__YOUR INSTRUCTIONS__: What you write must be the listing below in full, word for word, minus its pictures.

__DATA SHOWN__:
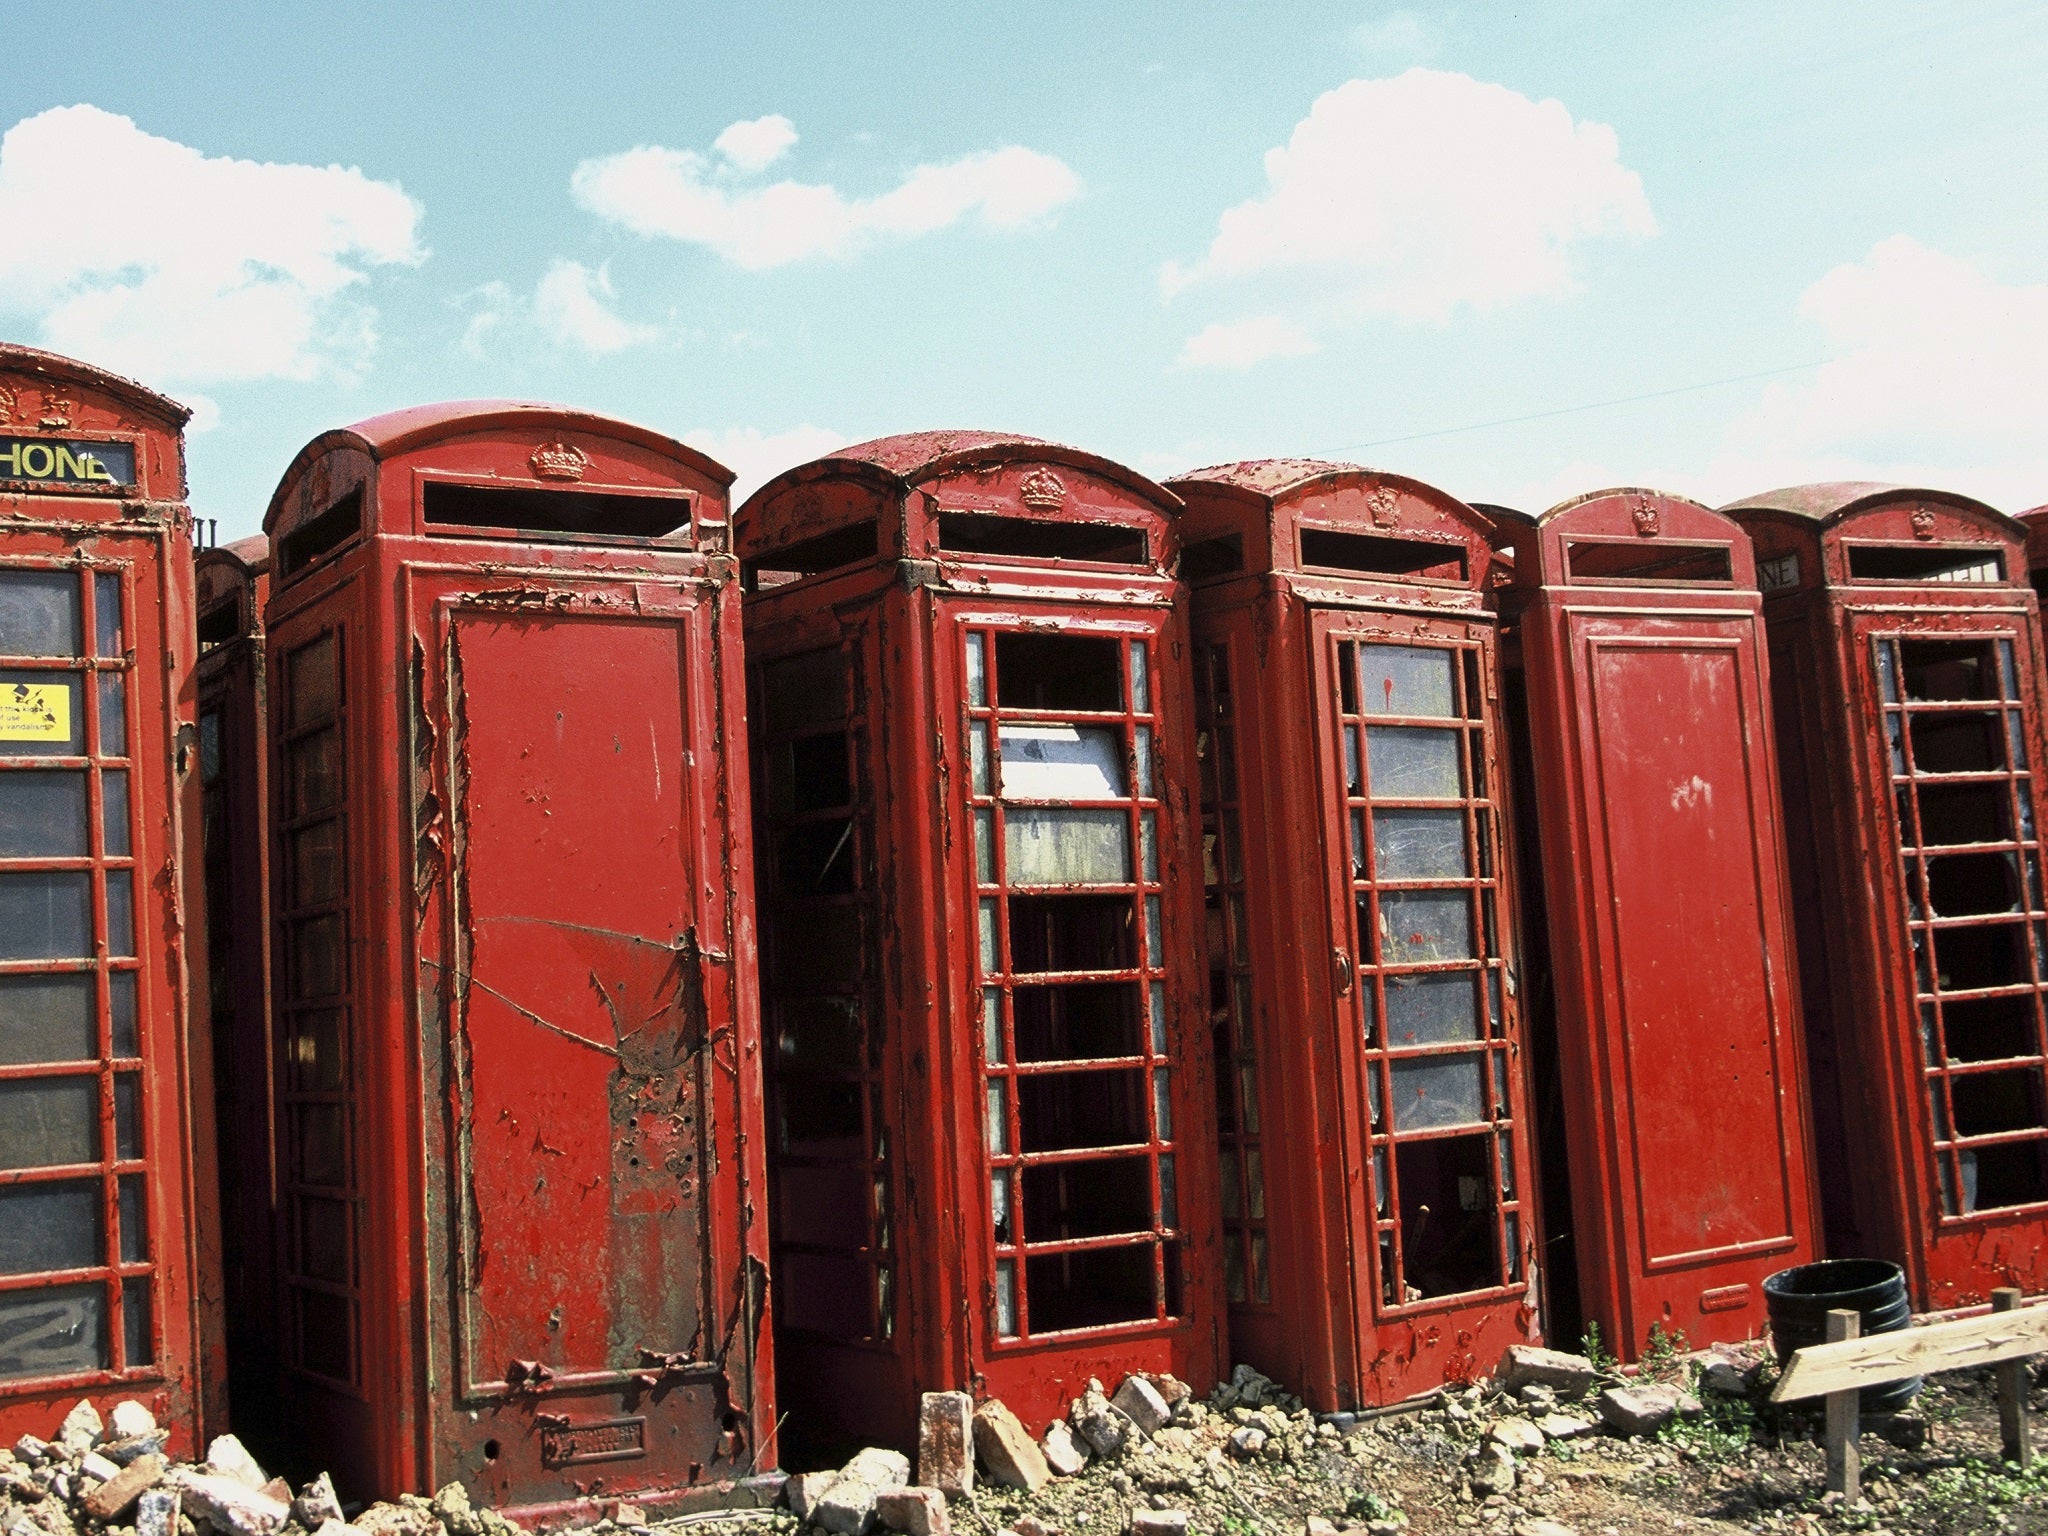 Old phoneboxes abandoned on scrapyard
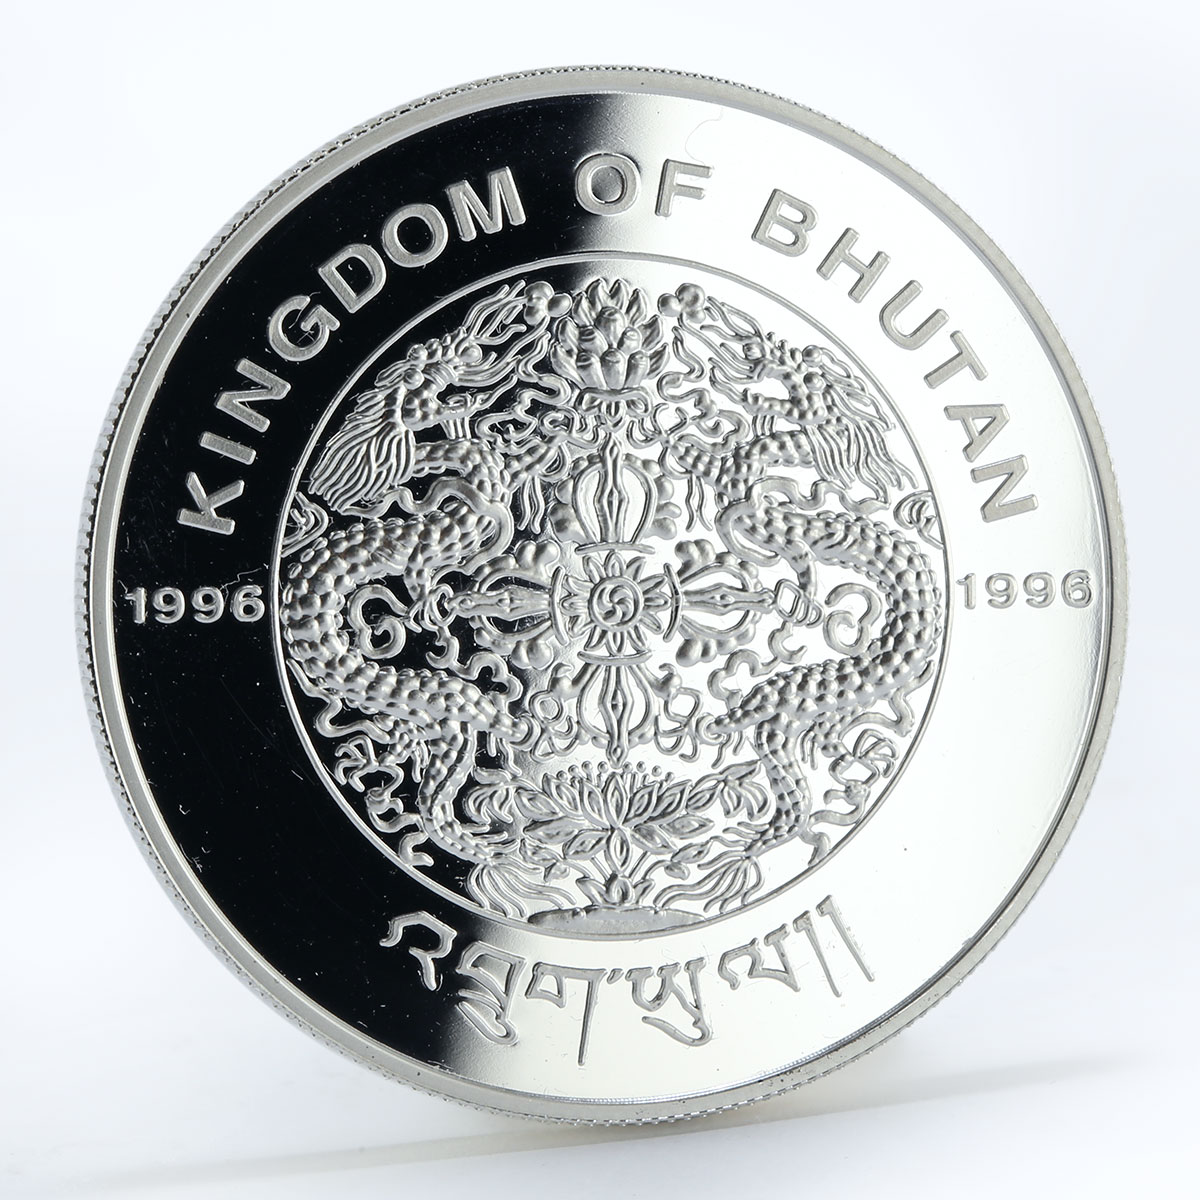 Bhutan 300 ngultrums Year of the Monkey proof silver coin 1996
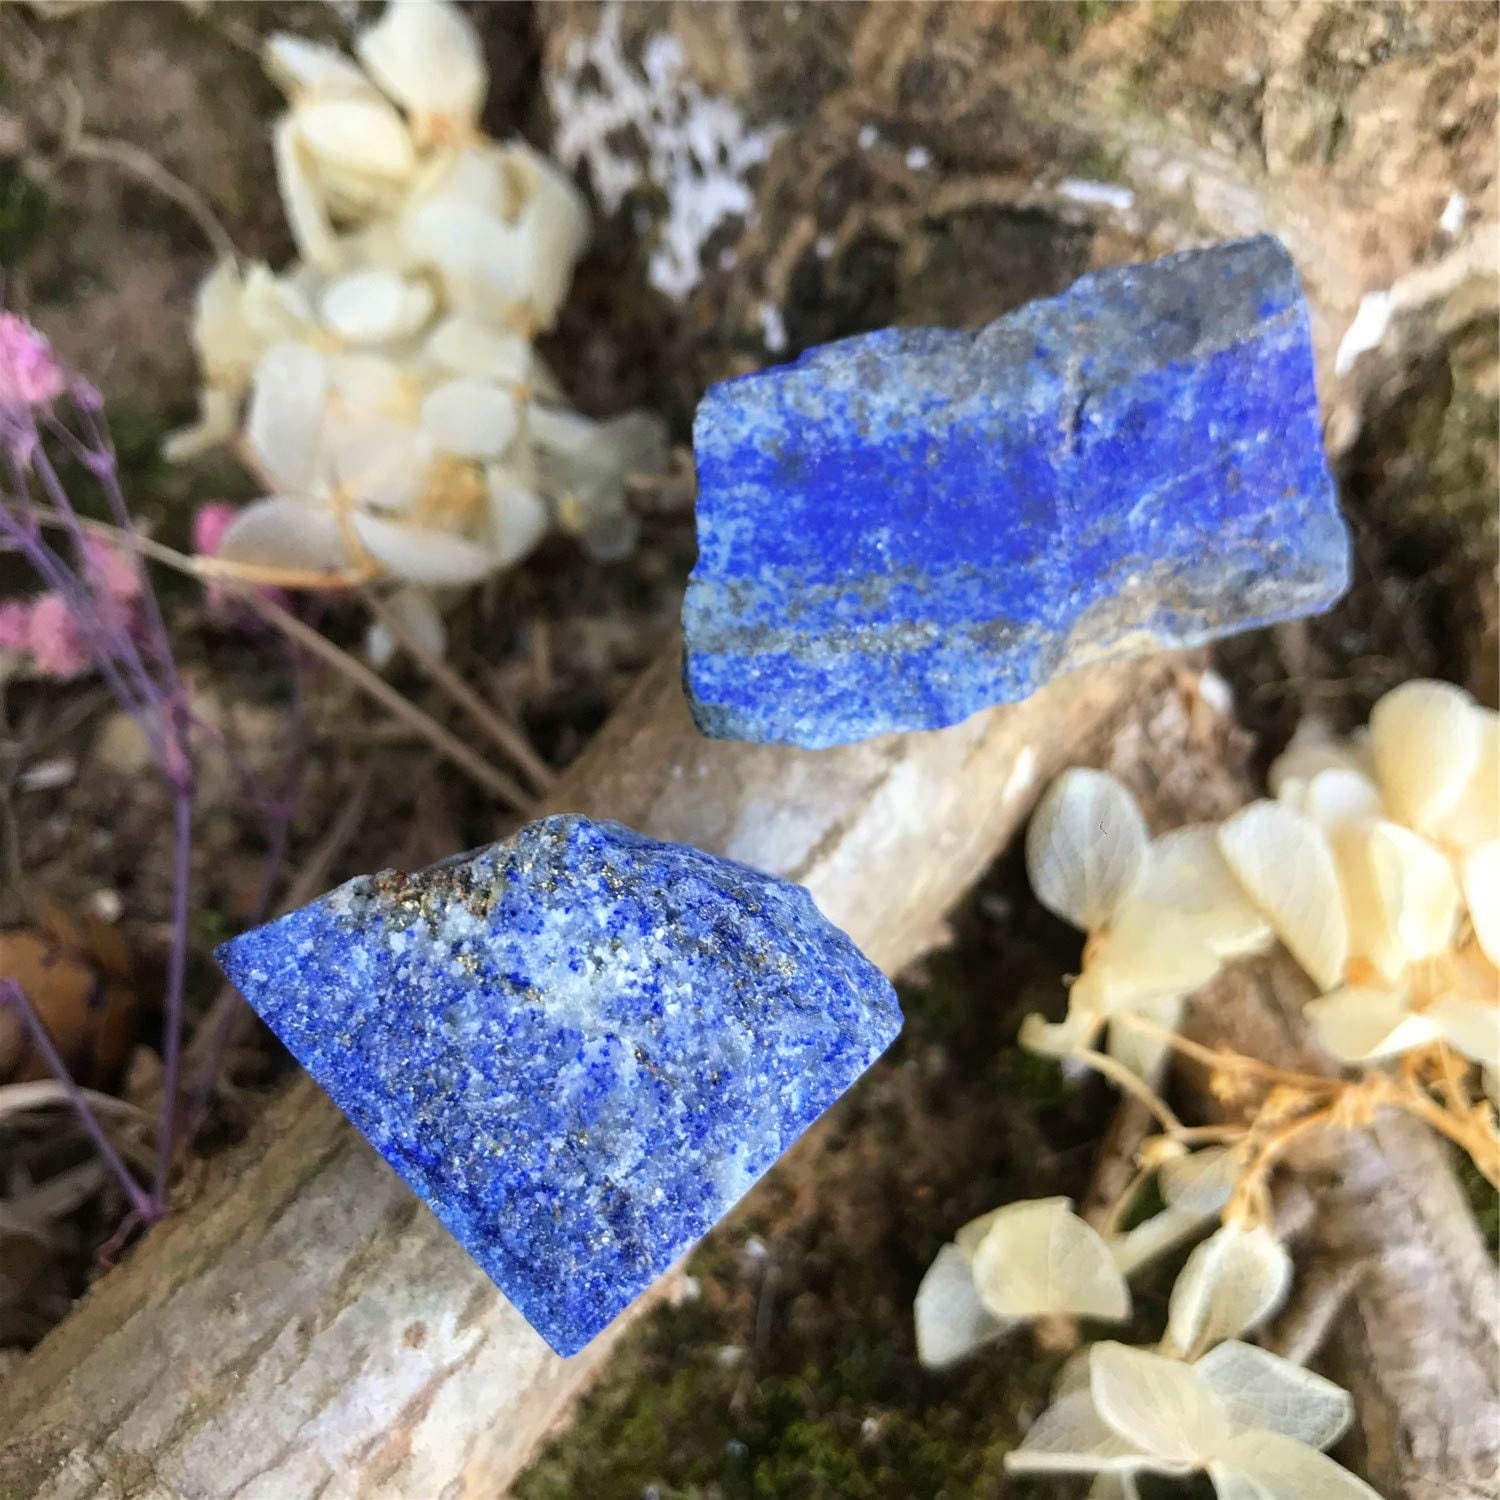 Zenkeeper 1Lb Lapis Lazuli Crystal Stone Natural Raw Stones & Fountain  Rocks for Tumbling, Cabbing, Polishing, Wire Wrapping, Wicca & Reiki  Crystal Healing

__RESPONSE TO THIS TASK__:
 Old phoneboxes abandoned on scrapyard
 Bhutan 300 ngultrums Year of the Monkey proof silver coin 1996
 Zenkeeper 1Lb Lapis Lazuli Crystal Stone Natural Raw Stones & Fountain  Rocks for Tumbling, Cabbing, Polishing, Wire Wrapping, Wicca & Reiki  Crystal Healing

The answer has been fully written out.